Both sample and feature overlap rates are set to the values of

$$ \left\{ {0, 0.05, 0.1, 0.15, \cdots , 0.95} \right\}. $$

When we observe the sensitivity to the sample overlap rate, the feature overlap rate is set to 0.01. On the other hand, \(\rho_{1}\) is set to 0.5 when the sensitivity to the sample overlap rate is investigated. The average classification testing accuracies on 10 repeated experiments are shown in Fig. 3, where Fig. 3 (a) and Fig. 3 (b) correspond to the sample overlap rate and feature overlap rate, respectively.

As shown in Fig. 3 (a), Bagging-AdaTSK is not sensitive to the sample overlap rate when \(\rho_{1}\) is greater than 0.3. While in the interval, the classification performance increases appreciably, especially on ORL, ARP and PIE datasets. An interesting observation is that each dataset among these three ones contains more classes than the others of four datasets listed in Table 1. Perhaps, when we conduct the classification task involving more classes, more samples are needed, which deserves further study. Additionally, if the sample overlap rate is set to 0, the classification accuracies are not very satisfactory on most of the datasets. This means that it is necessary to let the subsets overlap each other so that each subset contains more samples.
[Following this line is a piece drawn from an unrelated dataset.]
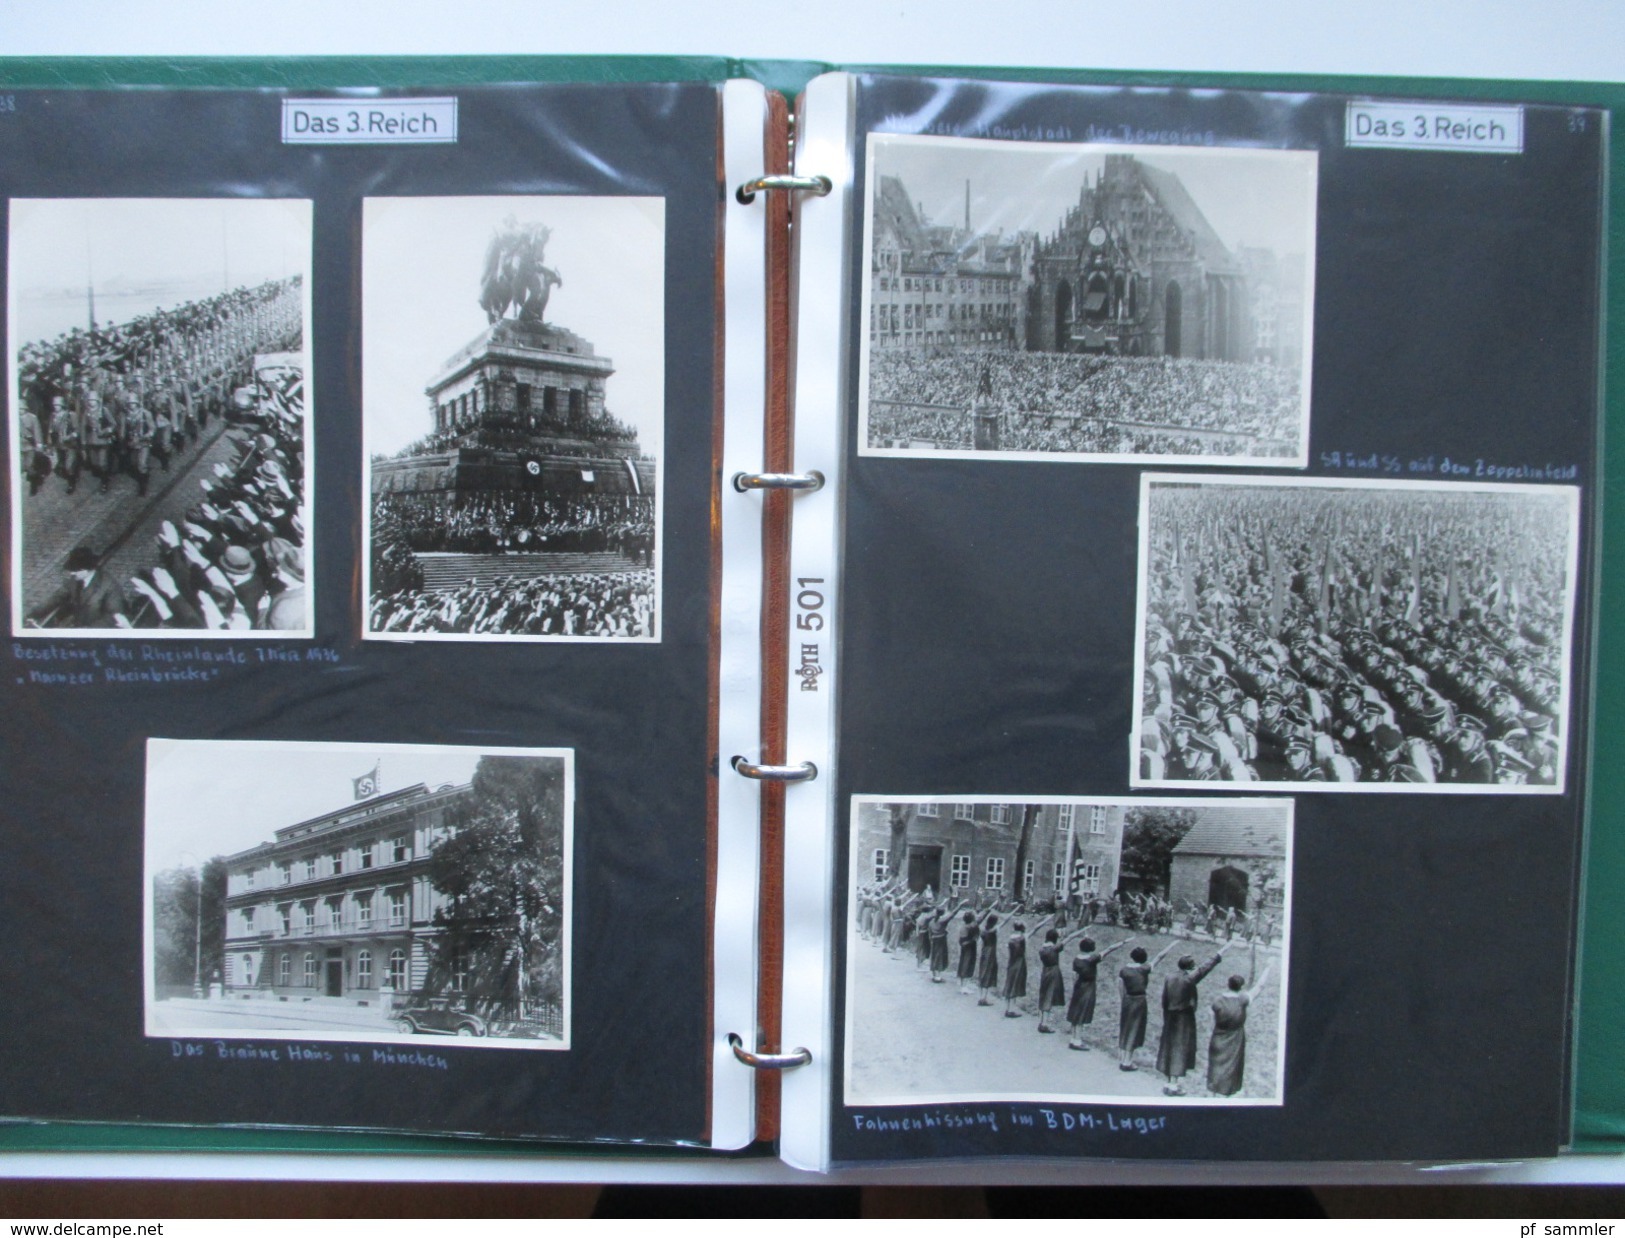 Drittes Reich / Hitler / Göbbels / SA / Miltär / Paraden usw... 2 Ordner mit 230 Fotos / REPROS aus dem Jahre 1965

From Fig. 3 (b), it can be seen that the classification performance of Bagging-AdaTSK does not vary greatly with \(\rho_{2}\). Hence, Bagging-AdaTSK is not sensitive to the feature overlap rate. Moreover, on the ORL and ARP datasets, the accuracy is lower with \(\rho = 0\) than with other values, which denotes that the feature overlap rate is helpful. Since the datasets used here are with thousands of features, a small value of \(\rho_{2}\), say 0.01 and 0.05, is recommended in order to reduce the computational burden.

4 Conclusion

Focusing on improving the classification performance of AdaTSK model, we propose an ensemble classifier called Bagging-AdaTSK. Firstly, an improved bagging strategy is introduced, in which the original dataset is split into a given number of subsets from the view of the samples and features. These subsets contain different samples and features which are overlapped with each other. Then, an AdaTSK classifier is trained on each subset. After training, these AdaTSK classifiers are combined by the averaging method to obtain the final predicted labels. Bagging-AdaTSK classifier is suitable for solving high-dimensional datasets as they can be divided into several of low-dimensional datasets to be handled. In our experiments, Bagging-AdaTSK are tested on 7 datasets with feature dimensions varying from 1024 to 7129. The simulation results demonstrate that our proposed Bagging-AdaTSK is very effective and outperforms its four counterparts, RF, SVM, BLS and AdaTSK classifier. In addition, we analyse the sensitivity of Bagging-AdaTSK to the sample and feature overlap rates. The investigation results claim that the proposed model is not sensitive to the them. How to adaptively determine the optimal values of the two overlap rates depending on different problems is going to be further studied in the future work. Besides, we plan to develop more efficient algorithm to optimize the antecedent parameters to improve the performance of Bagging-AdaTSK.